Tom Kelley, the General Manager at IDEO and author of The Art of Innovation and The Ten Faces of Innovation, wrote this short piece for stationary company Levenger on the process he used to write Ten Faces.
Several years ago, my friend Tom Peters taught me how to write a book. He said, “Forget what you learned in school”— all that stuff about starting with an outline and then filling in the text. Just start with your very best stories. Capture each one as you think of it, so you dont forget. Write each one on a separate card and when you get a good solid stack of them—about as many as you can hold between your thumb and forefinger—then you’ve got the raw ingredients for what might someday be an interesting book.
So the stories come first, and the chapter outlines will emerge later, in a pattern-recognition process that involves spreading your story cards out across the entire living room floor.
I started capturing ideas on 3×5 cards, and although that method seems to work remarkably well for Tom Peters (at least seven international bestsellers so far), I personally found the size a bit small for this stage of the ideation process. I was dashing off quick notes, clipping quotes out of magazines, drawing diagrams to represent the ideas visually, and found myself eager to “color outside the lines” of the 3×5 format. I next experimented with large custom-made (and very labor-intensive) cards I cut from 8-1/2x 11 card stock, but they got unwieldy.
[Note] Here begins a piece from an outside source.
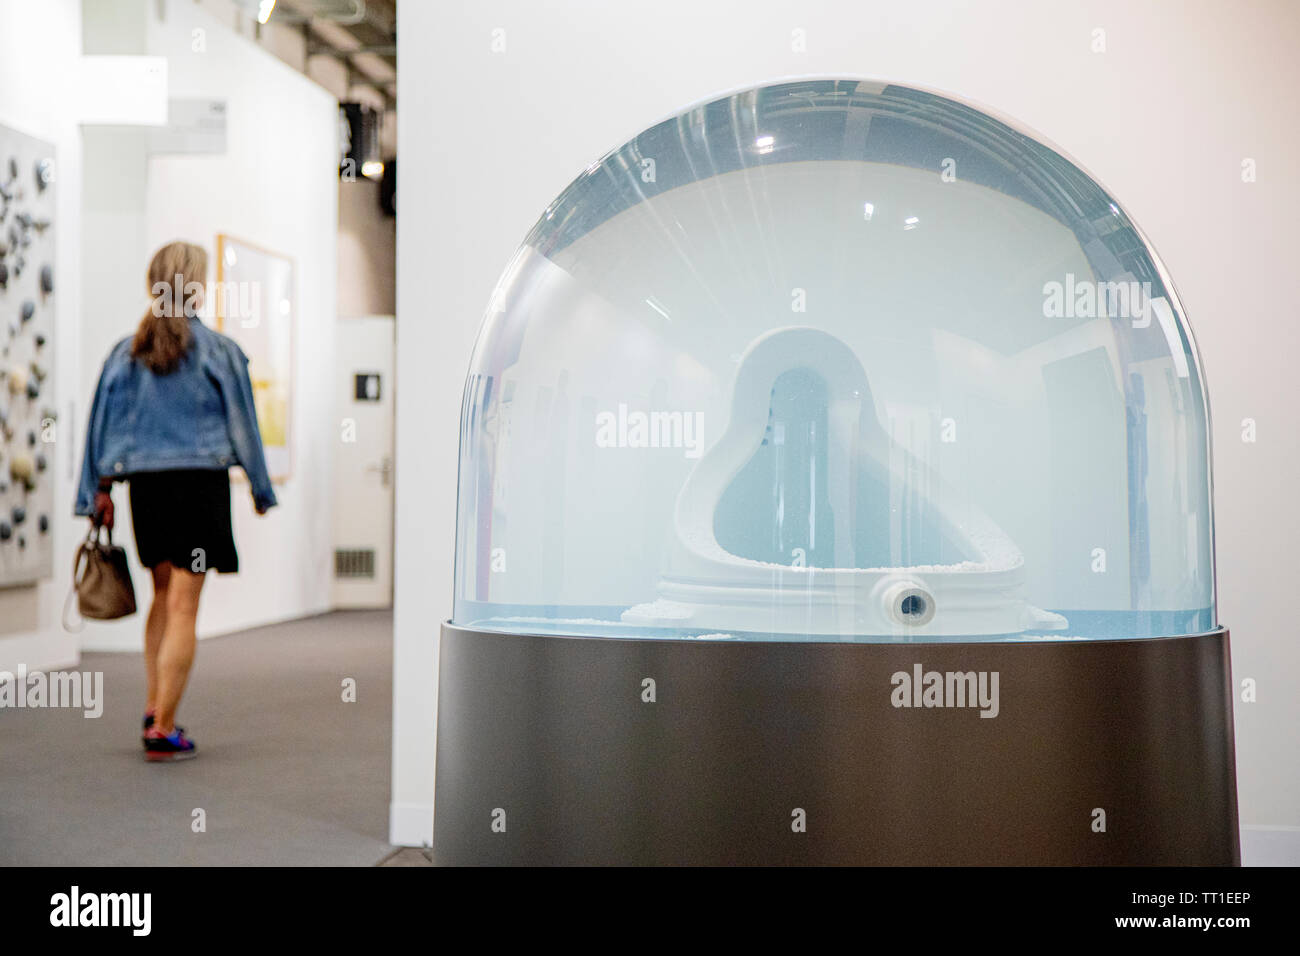 With a reference to Marcel Duchamp, a pissoir has been placed inside a giant snow globe in the installation 'Reason (or Winter) by the artist Berthan Huws, featured by Gallerie Tschudi at the 49th annual Art Basel art fair in Basel. Stock Photo

Finally, on The Ten Faces of Innovation, I tried the Levenger Circa notebooks in the junior size, turning them sideways and using the grid-style paper so I could write horizontally or vertically. It was perfect!
The pages were roomy enough for me, and since they could easily come out and go back in, I was able to arrange and rearrange the pages in ways that seemed to make sense.
Soon I realized I needed a separate notebook for each of the ten personas I was developing, and I made a special cover page for each notebook that instantly told me which book was which. Partway through the project I bought a Circa punch, so I could create full-custom covers for the ten notebooks that had become very central to my life as a writer.
The Circa notebooks helped me capture new ideas as they arose, and lent a structure to the process that kept me moving forward. Anyone who’s written a book will tell you that it’s a lot of work, so you need every bit of help you can find. These notebooks became an intrinsic part of my process.